■ TASK STATEMENT
What you return should be the complete listing, unchanged, with no pictures in it.

■ SOURCE MATERIAL
※

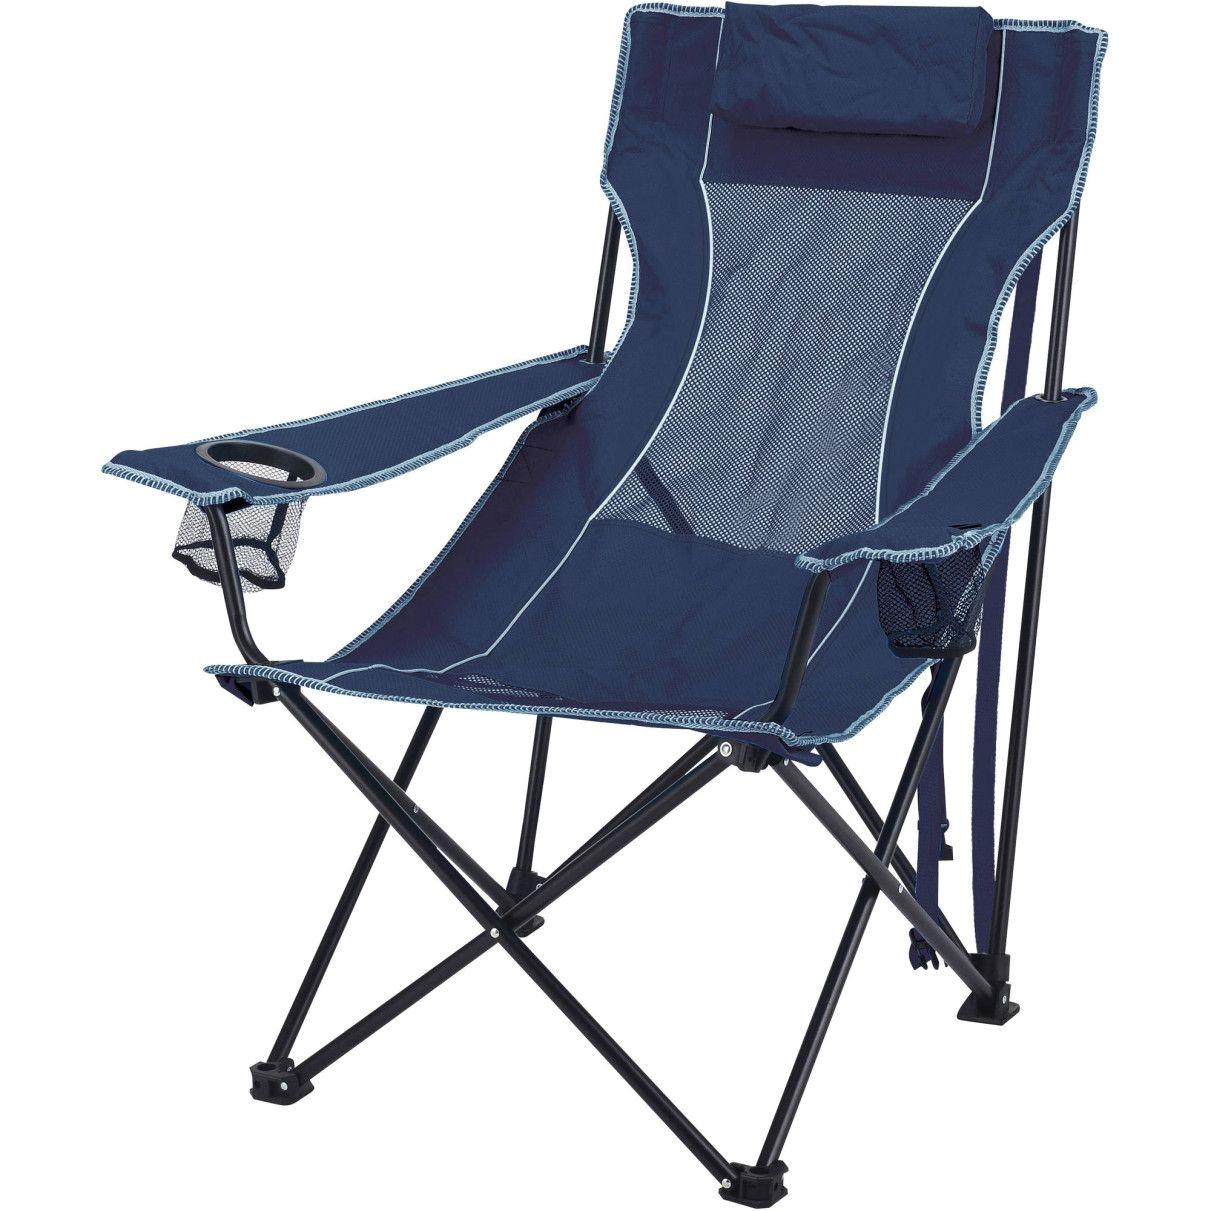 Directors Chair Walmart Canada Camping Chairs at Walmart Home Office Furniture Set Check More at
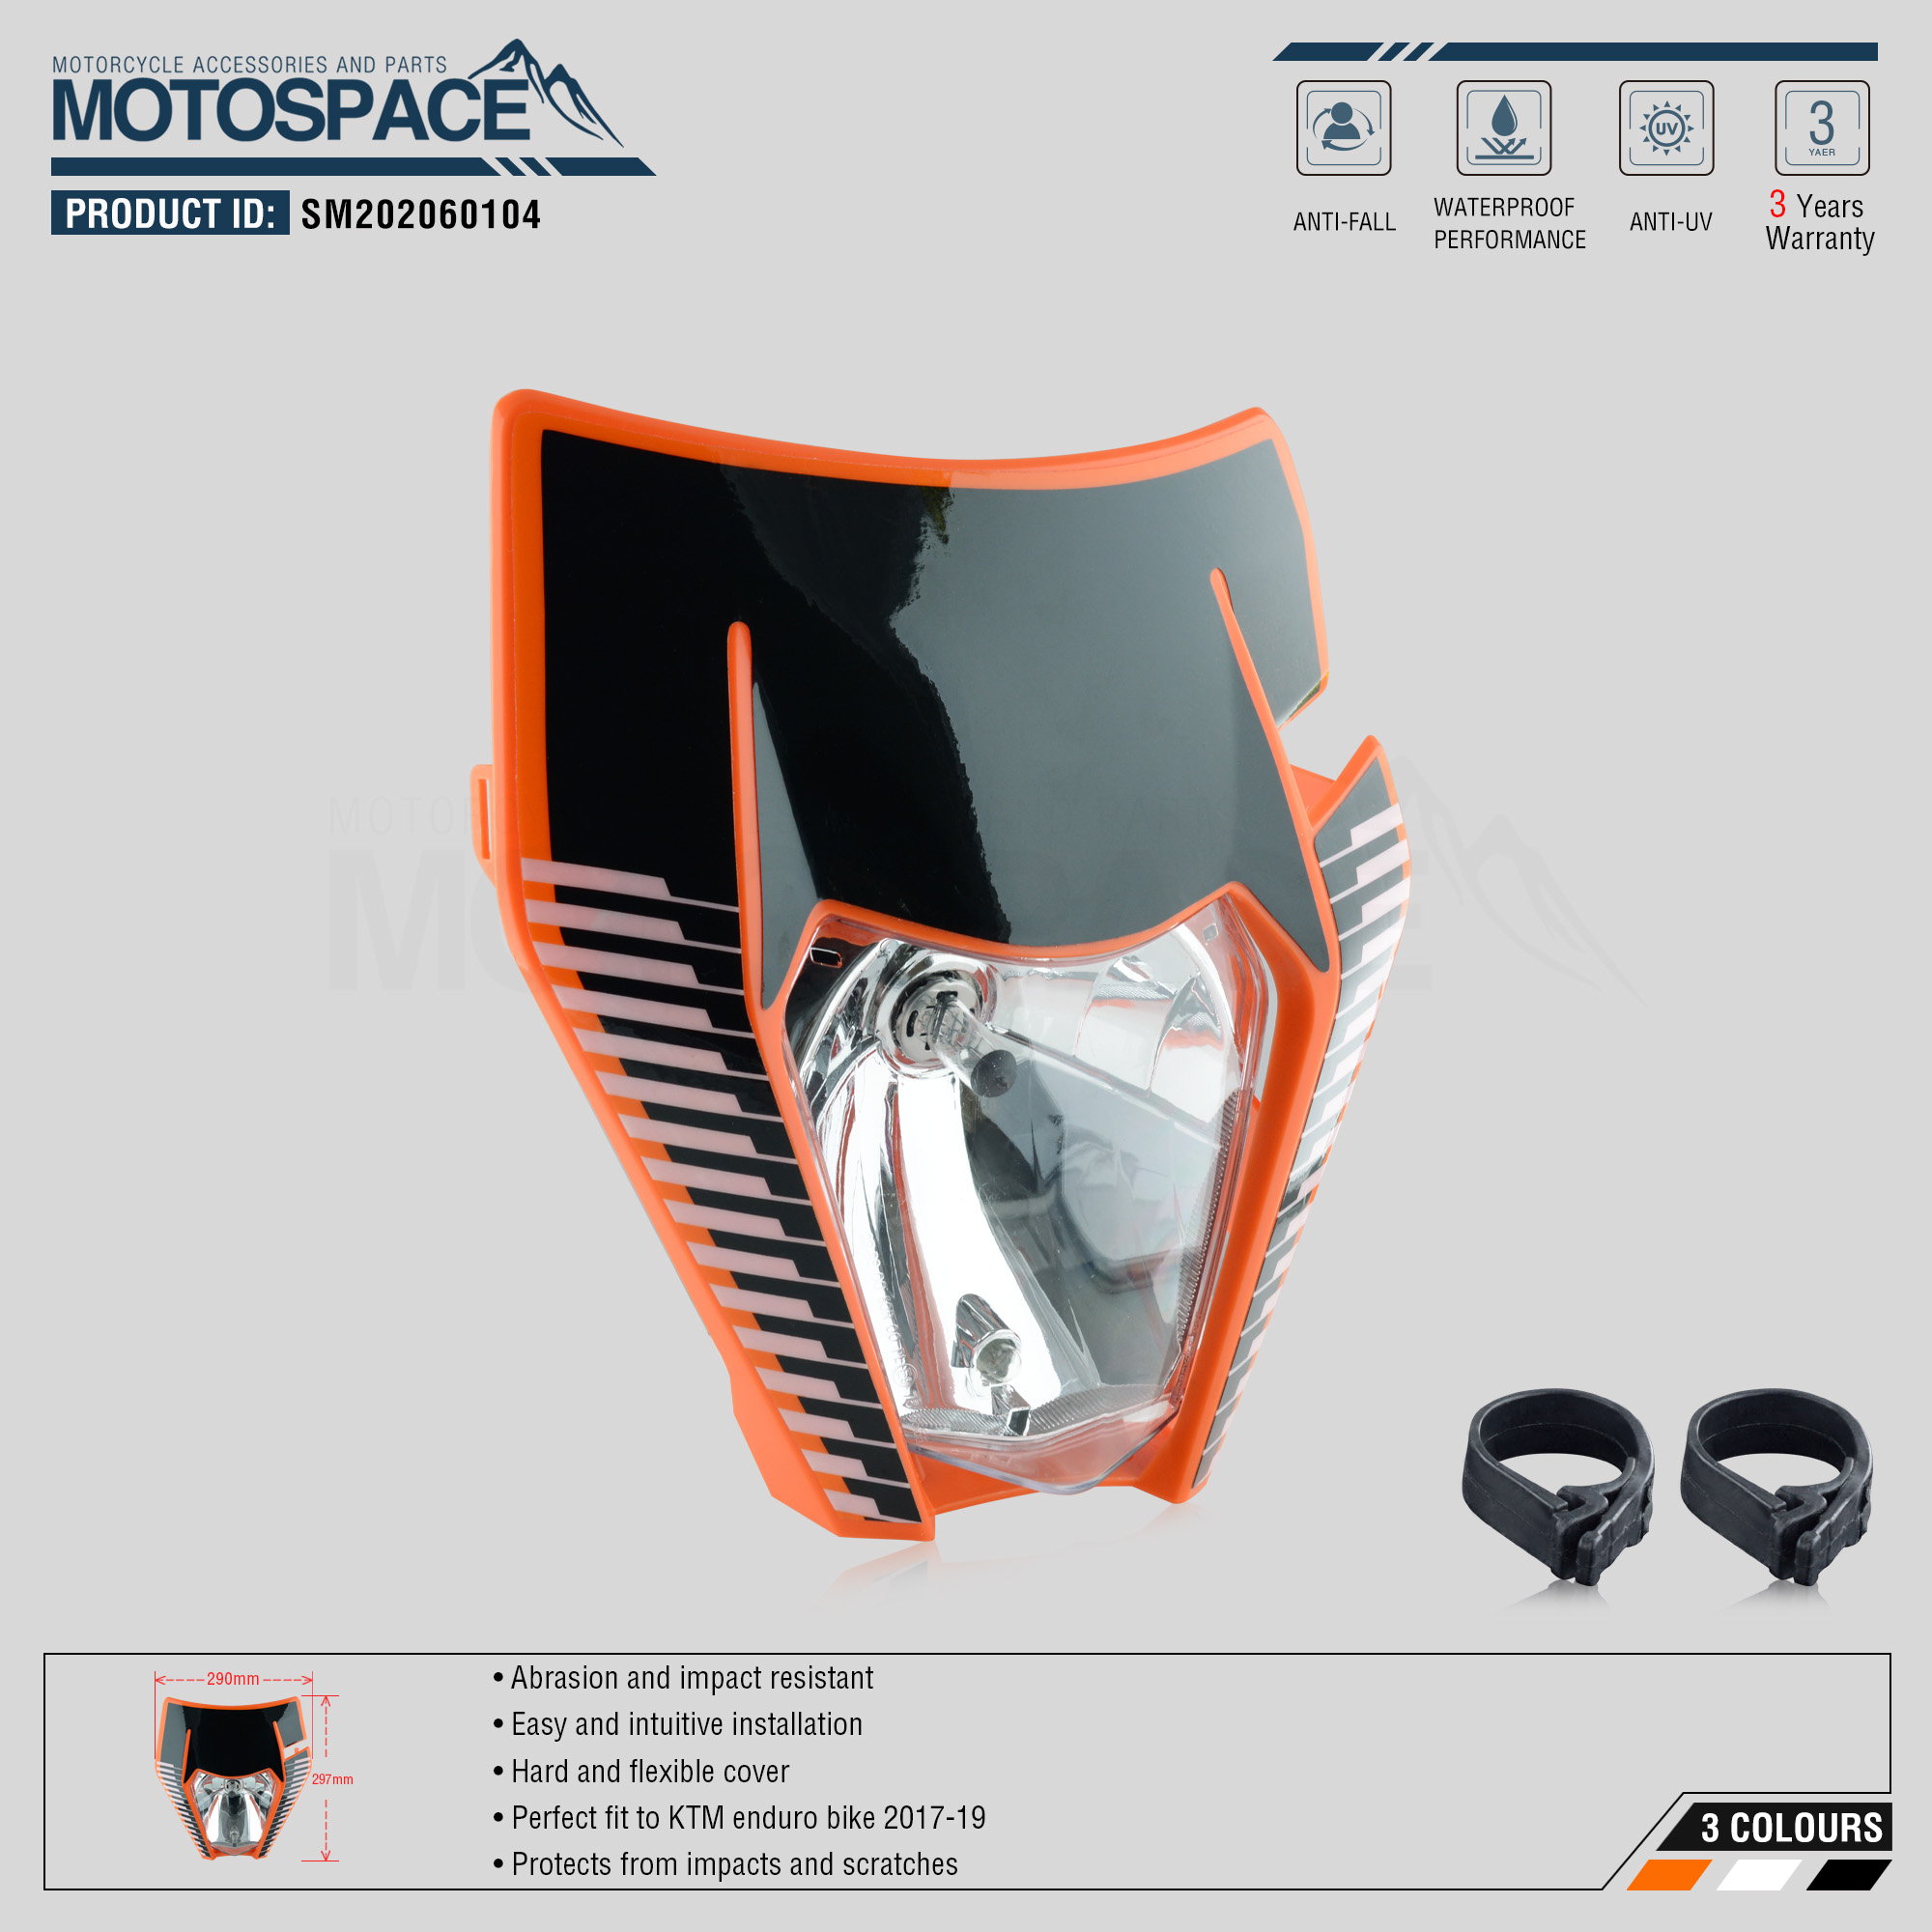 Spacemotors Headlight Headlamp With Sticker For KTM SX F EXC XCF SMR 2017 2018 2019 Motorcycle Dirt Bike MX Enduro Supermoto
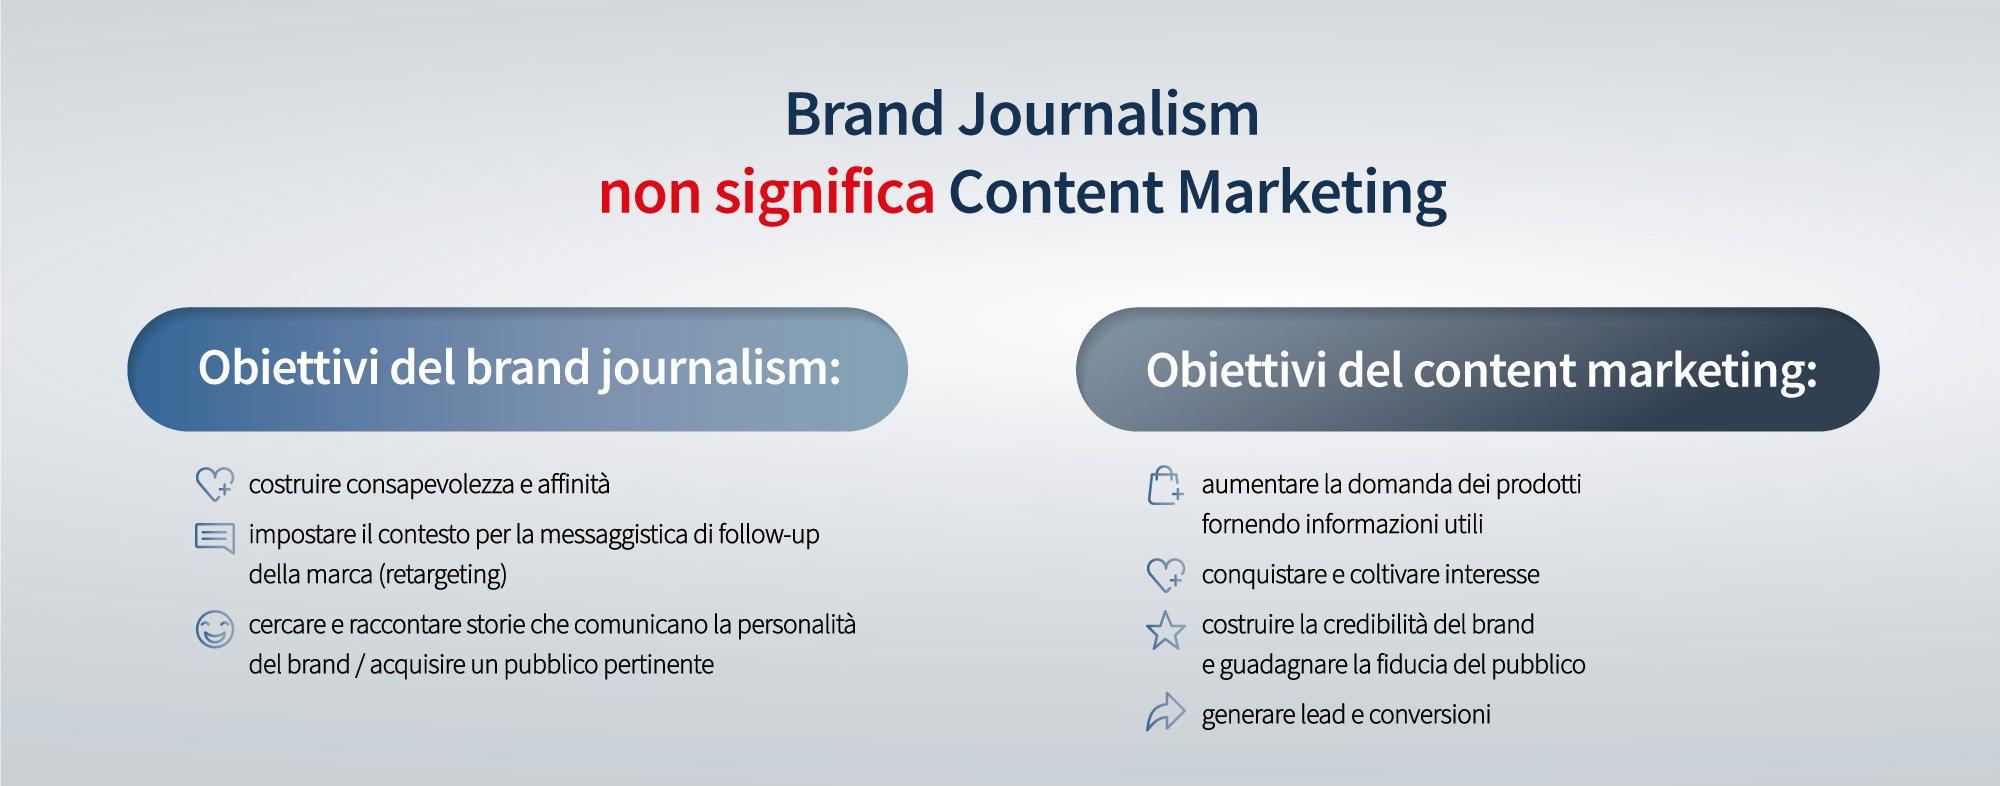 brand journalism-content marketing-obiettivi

※

■ RESULT FOR THIS TASK
 Directors Chair Walmart Canada Camping Chairs at Walmart Home Office Furniture Set Check More at
 Spacemotors Headlight Headlamp With Sticker For KTM SX F EXC XCF SMR 2017 2018 2019 Motorcycle Dirt Bike MX Enduro Supermoto
 brand journalism-content marketing-obiettivi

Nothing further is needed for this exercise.